7. a) Yes, competitive exclusion did occur in our experiment. The result of interspecific
competition between the fork and spoon predators lead to the elimination of the spoons
through competitve exclusion. This effect was driven by exploitation competition, where
the spoons and forks interacted indirectly. The spoons reacted to the decreased level of
the limited prey resources after they had been exploited by the forks, eventually leading
to competitive exclusion and elimination of the spoon species. This can be seen in Figure
1, where the number of spoon predators quickly decreases to zero by the end of the time
period. Therefore, we can determine that the two species cannot coexist in the same
environment over time.
b) By using Table 1, we can clearly see the proportion or how much of a certain prey
species is within the predators diet. First when looking at forks, the proportion of
toothpick, string, and pasta prey in its diet is relatively even (0.406, 0.3765, 0.2169).
Because of this, we could categorize forks as being generalists since they consume all
prey species at close amounts.
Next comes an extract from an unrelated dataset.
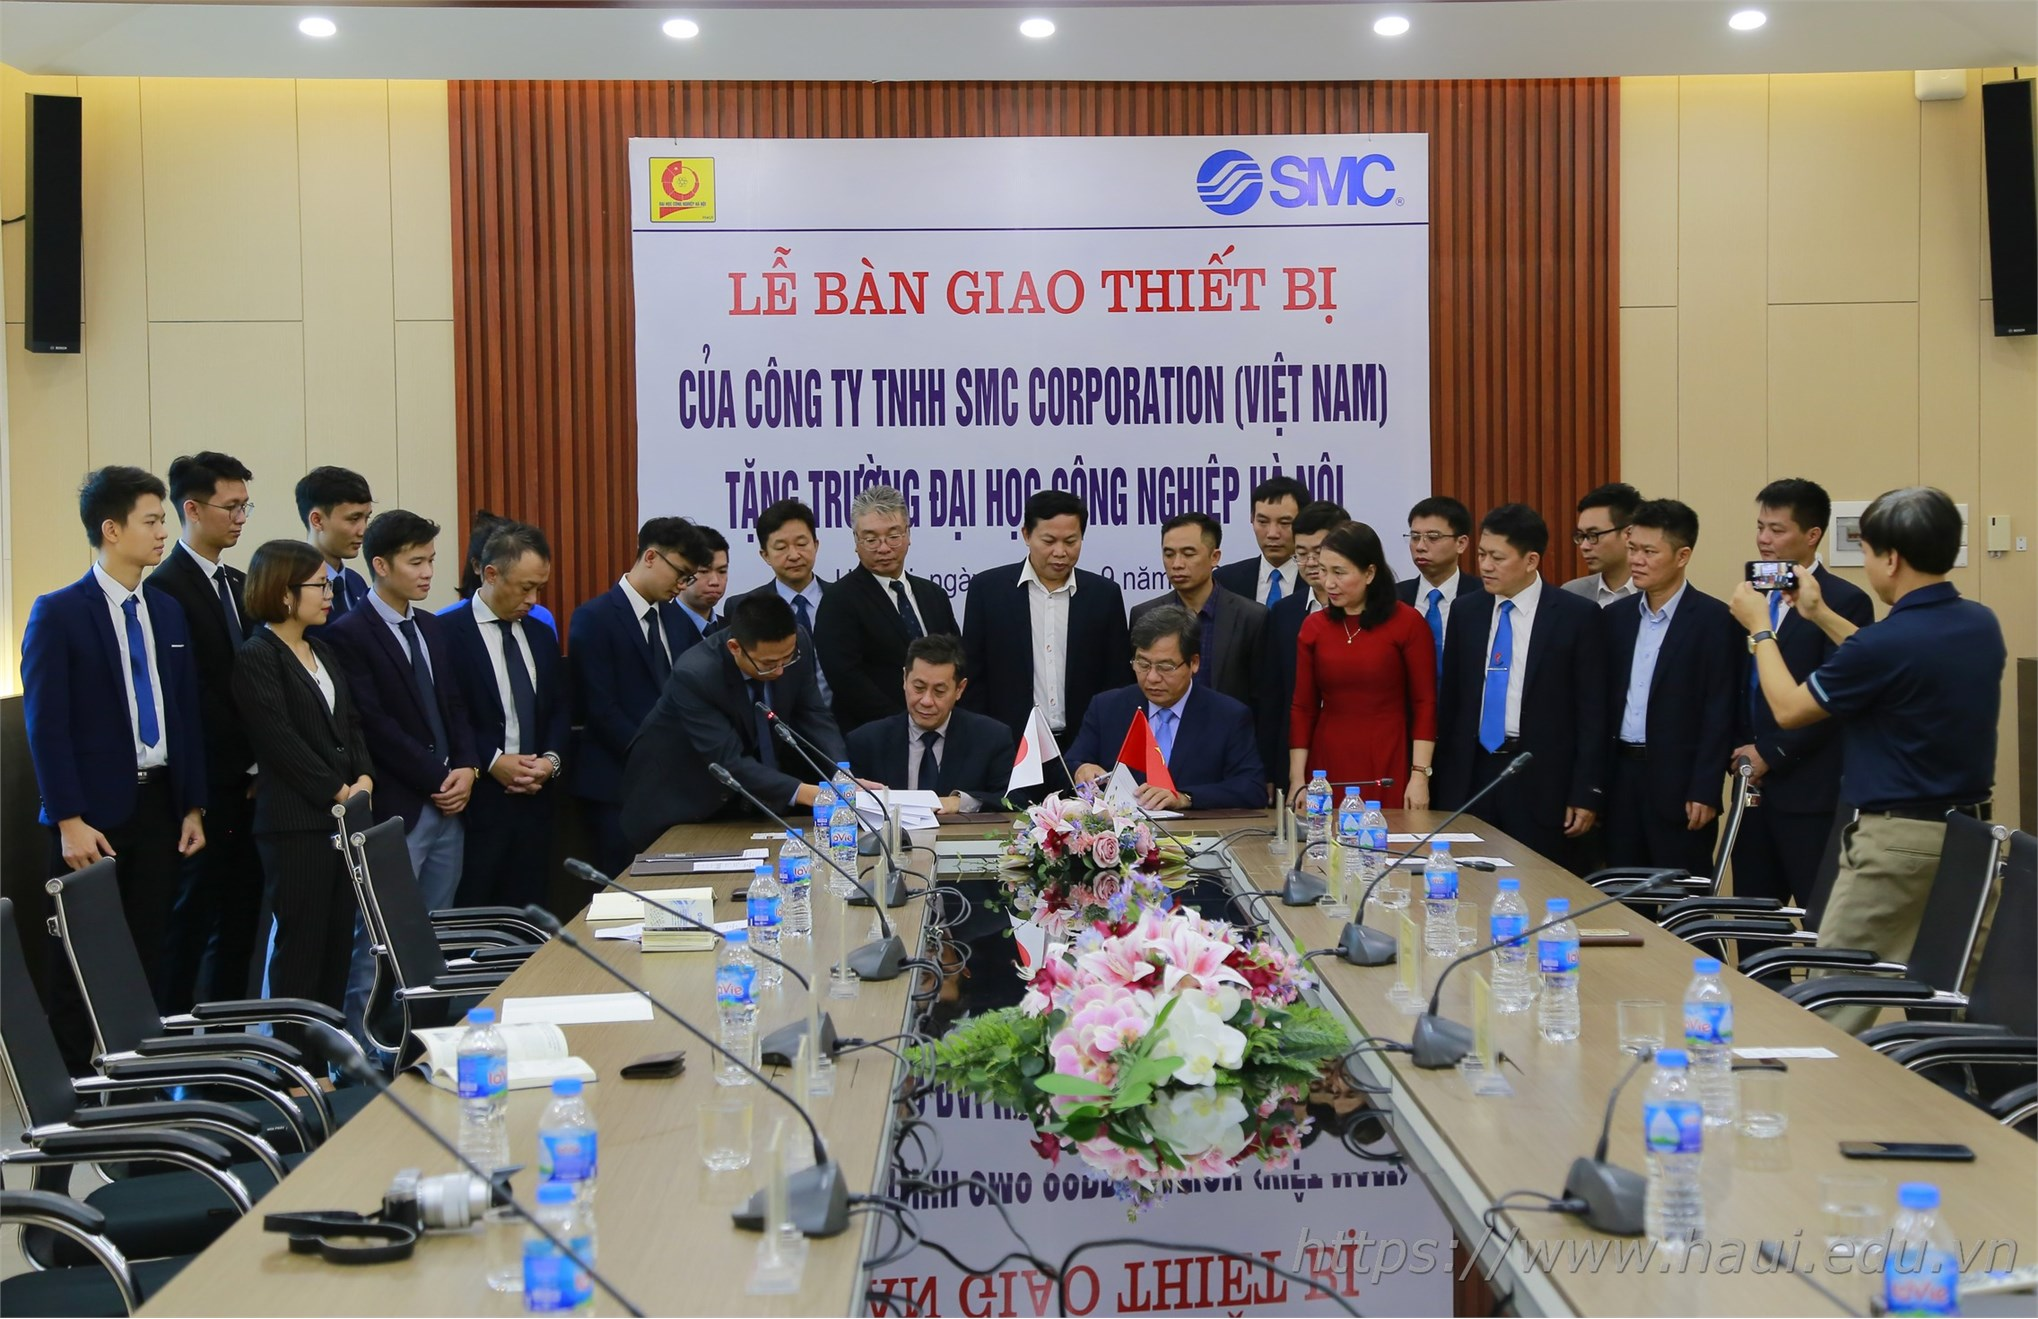 Đại học Công nghiệp Hà Nội nhận tài trợ thiết bị Phòng thực hành SMC Automation Lab

The exception to this is the ball prey, but they were not
physically adapted to catch this prey for the purposes of this experiment. On the other
hand, the spoons could be categorized as more of specialists. This is because the
proportions of each prey varies more significantly in their diet (0, 0.3018, 0.5858,
0.1124). The spoons in this experiment exploited a narrower range of resources, with
only high amounts of string and pasta prey. In fact, the toothpick prey were not consumed
at all by spoons since they were outside their range of resources as specialists. Also,
while balls were preferred by spoons due to their high energy content and ability to
maximize their net enery gain, they were not caught at high frequencies since there were
few in the environment and few were needed to “fill up” a spoon.
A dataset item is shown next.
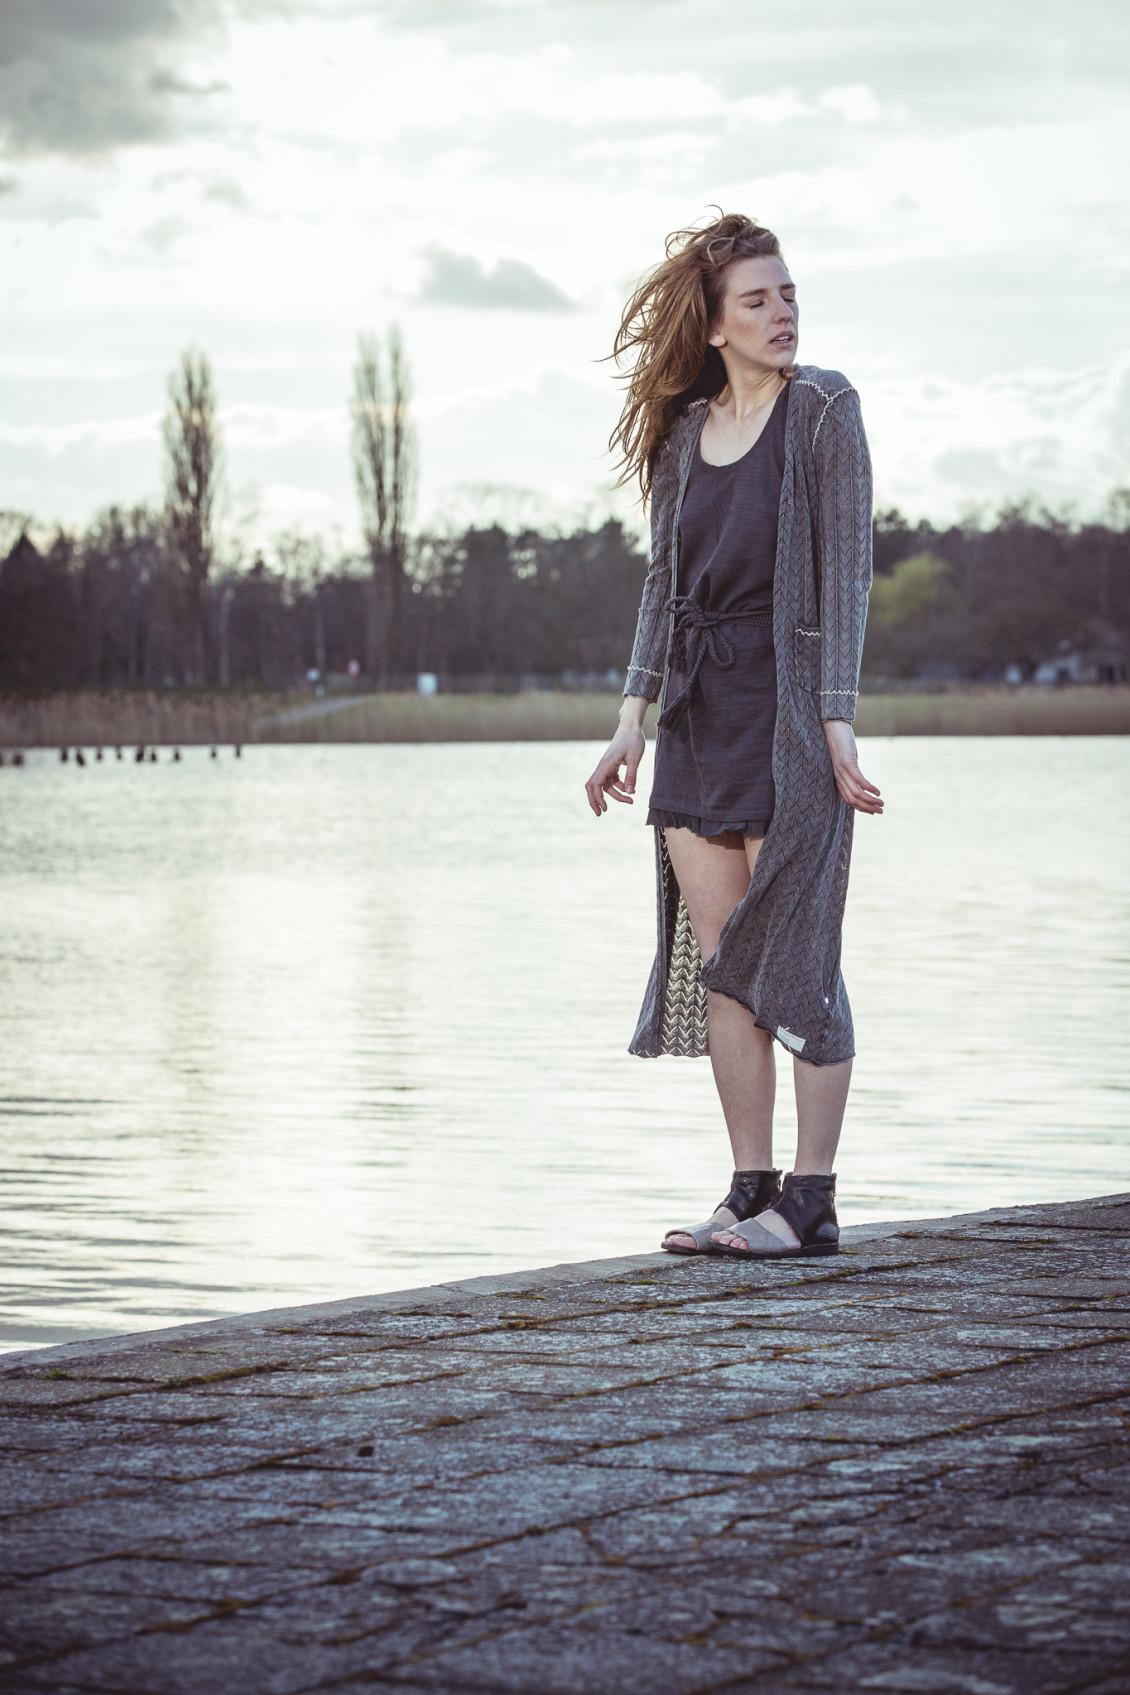 harlekijn_april2015-20

c) There was a considerably high amount of dietary overlap between the spoon and fork
predator species. We say this because after calculating Morisita’s index of diet overlap, a
value of C = 0.60 was obtained. In the index, a value of 0 indicates no overlap and 1
being complete overlap. Therefore, a value of 0.60 would mean a considerable amount of
dietary overlap since it is greater than a half. Also, the amount of overlap in prey species
consumed between spoons and forks can be seen in Figure 2.
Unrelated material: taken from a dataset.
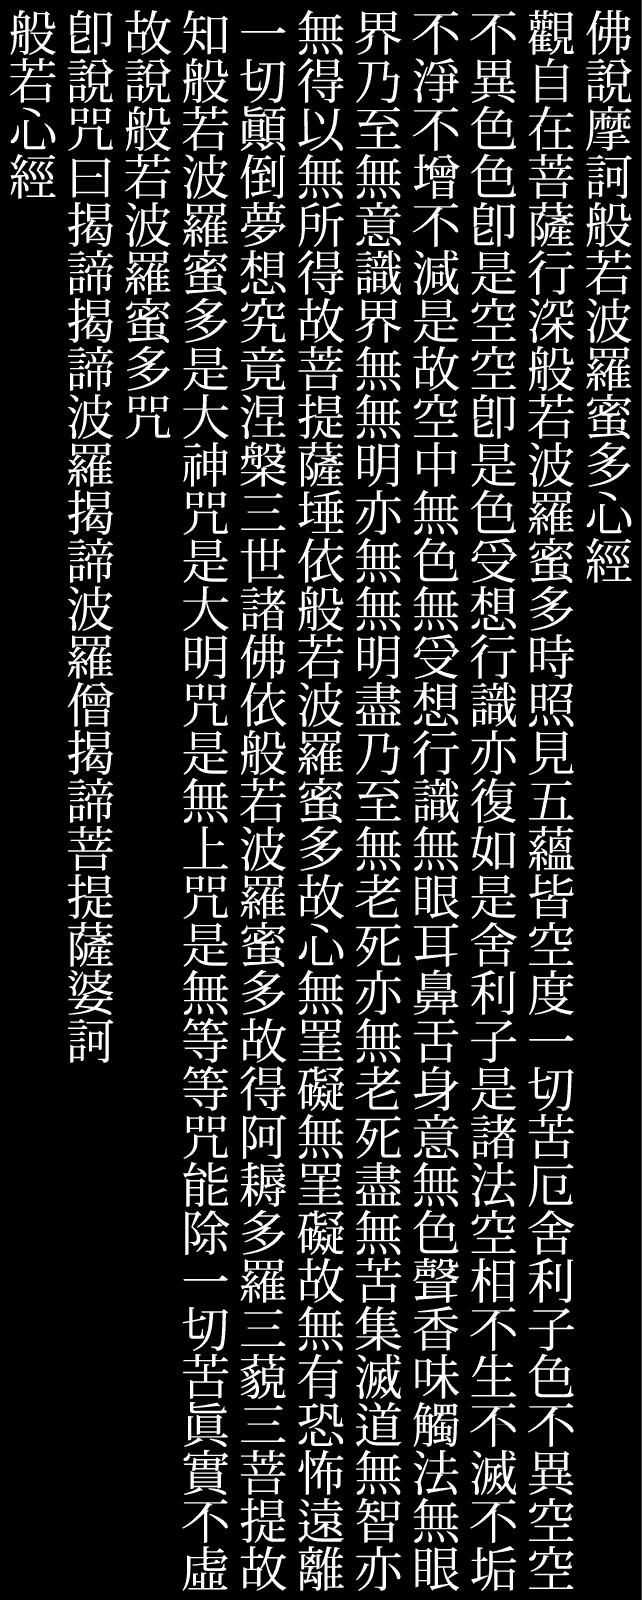 仏法対話 41 色即是空 しきそくぜくう について 中杉 弘のブログ

d) By using a chi-squared test, we were able to determine that yes, the frequency of prey
species consumed does differ significantly between the two predator species. In fact, the
χ2 = 127.76 was larger than the χ2 = 7.815 at 95% certainty and also the χ2 = 16.266 at
99.9% certainty. Because our χ2 was larger, we can reject our null hypothesis of no
difference between the frequencies of prey species consumed at 95% certainty (0.05
uncertainty) and even at 99.9% certainty (0.001 uncertainty).